I don’t know if Epic’s sticking the landing here with so few visceral examples of bad apps (we saw just two user reviews calling out a scam, and the title S-ON Sexual Therapy), but Kleidermacher did amusingly suggest that Google allows users to download the bad apps without warnings because of user consent.
“There is user consent in one place, there is not user consent in the other place,” he said.
Epic pounced — how could a user’s decision to download an app from a website not constitute consent? Kleidermacher suggested the consent comes as part of Unknown Sources: “You’d have to authorize the browser to install first.”
Epic is pointing out that though Google does create risk assessments of different developers on the Play Store, it chose (Epic’s words) not to use those systems to assess app downloads from websites.
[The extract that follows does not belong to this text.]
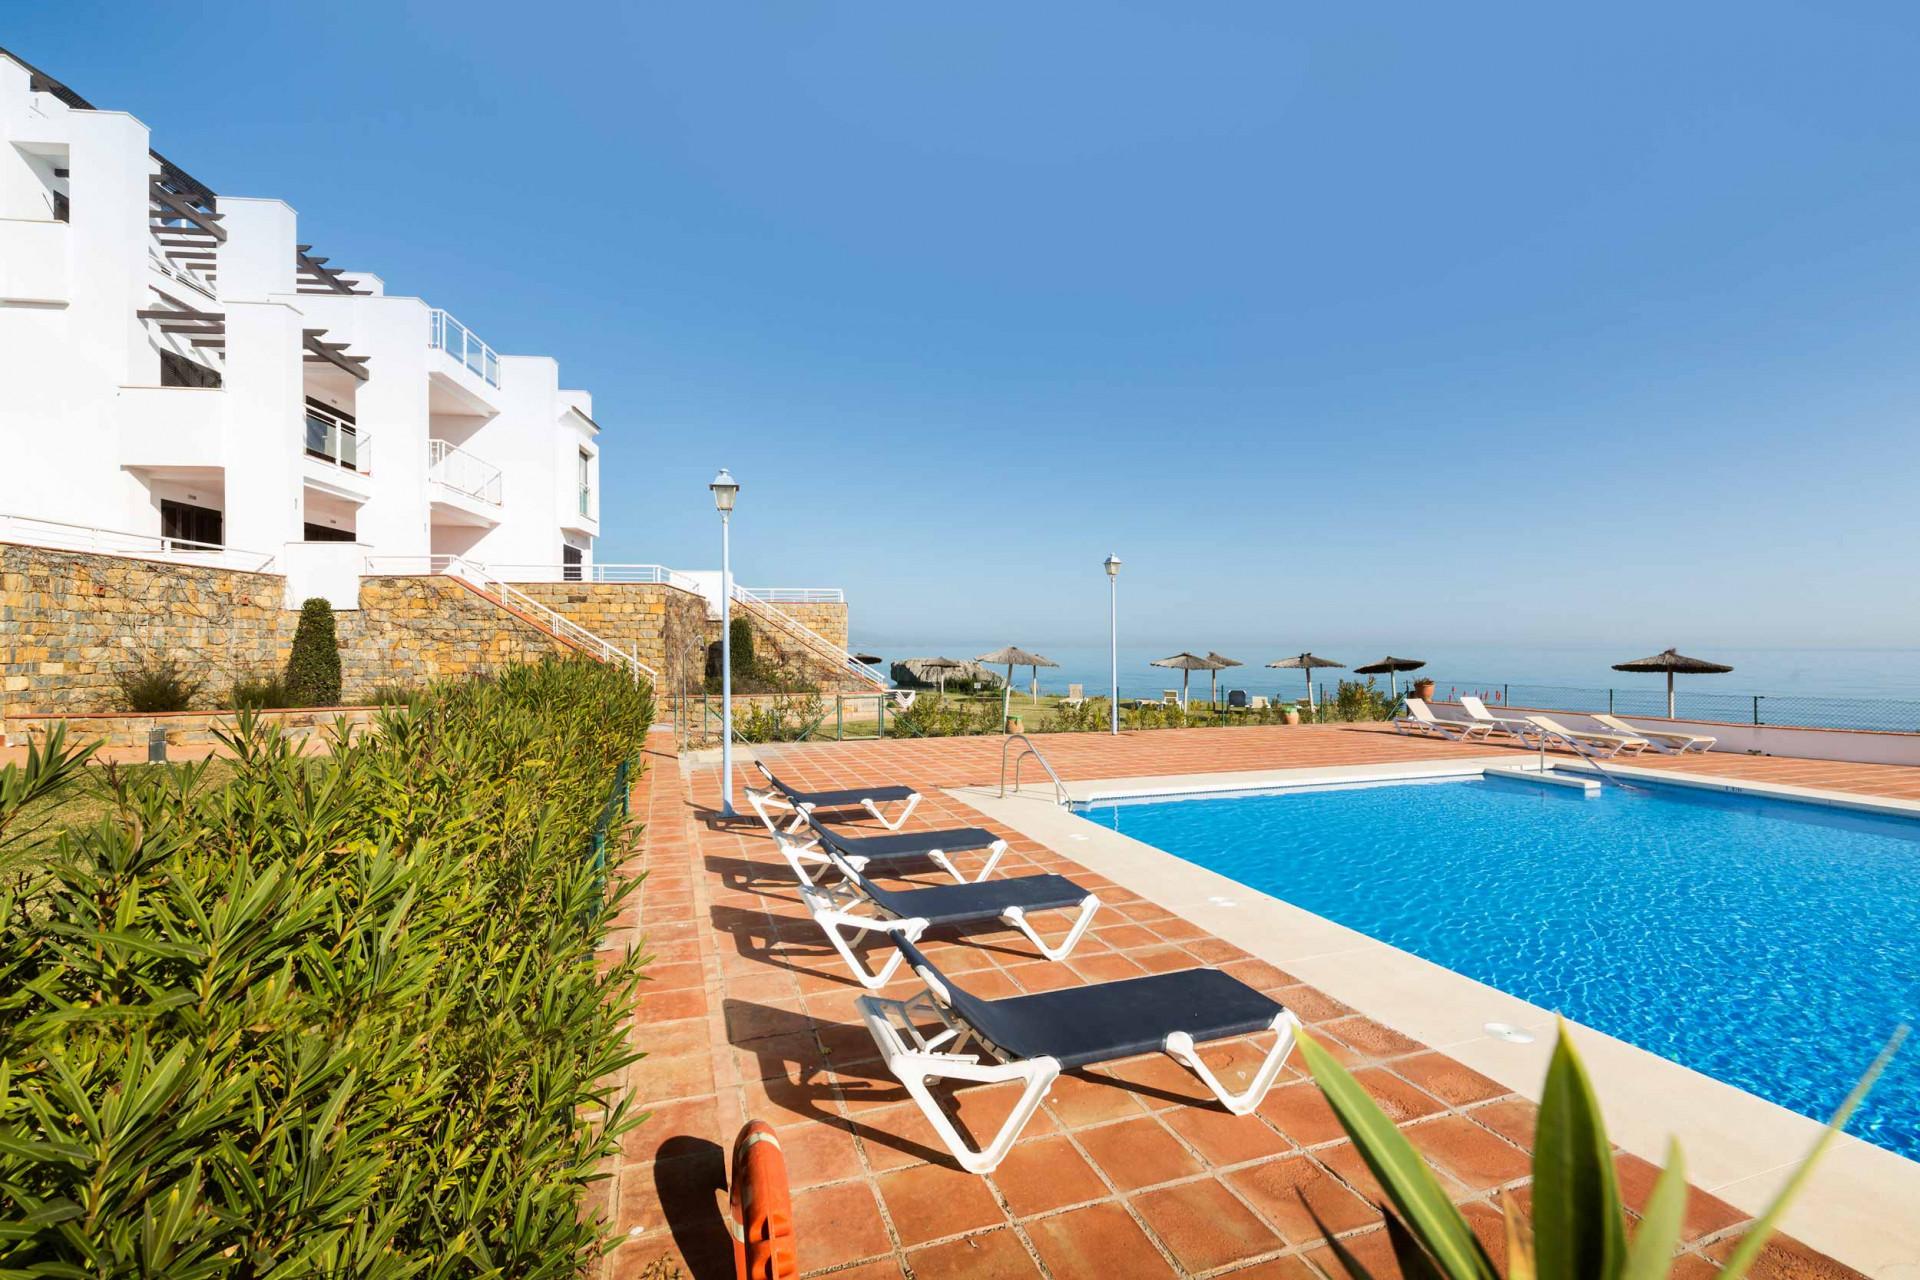 Moderno apartamento en primera línea de playa en venta, Casares

“We have risk measurements for developers on the Play Store,” says Kleidermacher. (They’re explained here.)
“Generally speaking, the operating system views internet downloads as coming from an unknown source,” he said later.
Well, this wasn’t on my bingo card: Google’s VP of Android security once proposed “Project Cake,” a plan where there would be two classes of Android apps — a smaller number of “more curated” thoroughly vetted apps, representing as much as 90 percent of the downloads on the store, and a second set that would be less curated and vetted and might warn users about risk.
It never happened. “My proposal has not launched in that form,” says Kleidermacher.
Epic attorney Yonatan Even seems to be trying to suggest it was the genesis of the Unknown Sources idea that adds friction when users sideload apps — but hasn’t yet made a firm link.
It’s time to dig into the security argument. But Epic gets to dig into it first.
Is Google justified in charging its fees because it protects Android users?
Before the break, we saw Google present an internal slide that included the phrase: “75% of Android Owners say Google Play is a safe place to get apps even while less than half are aware of Google Play Protect.”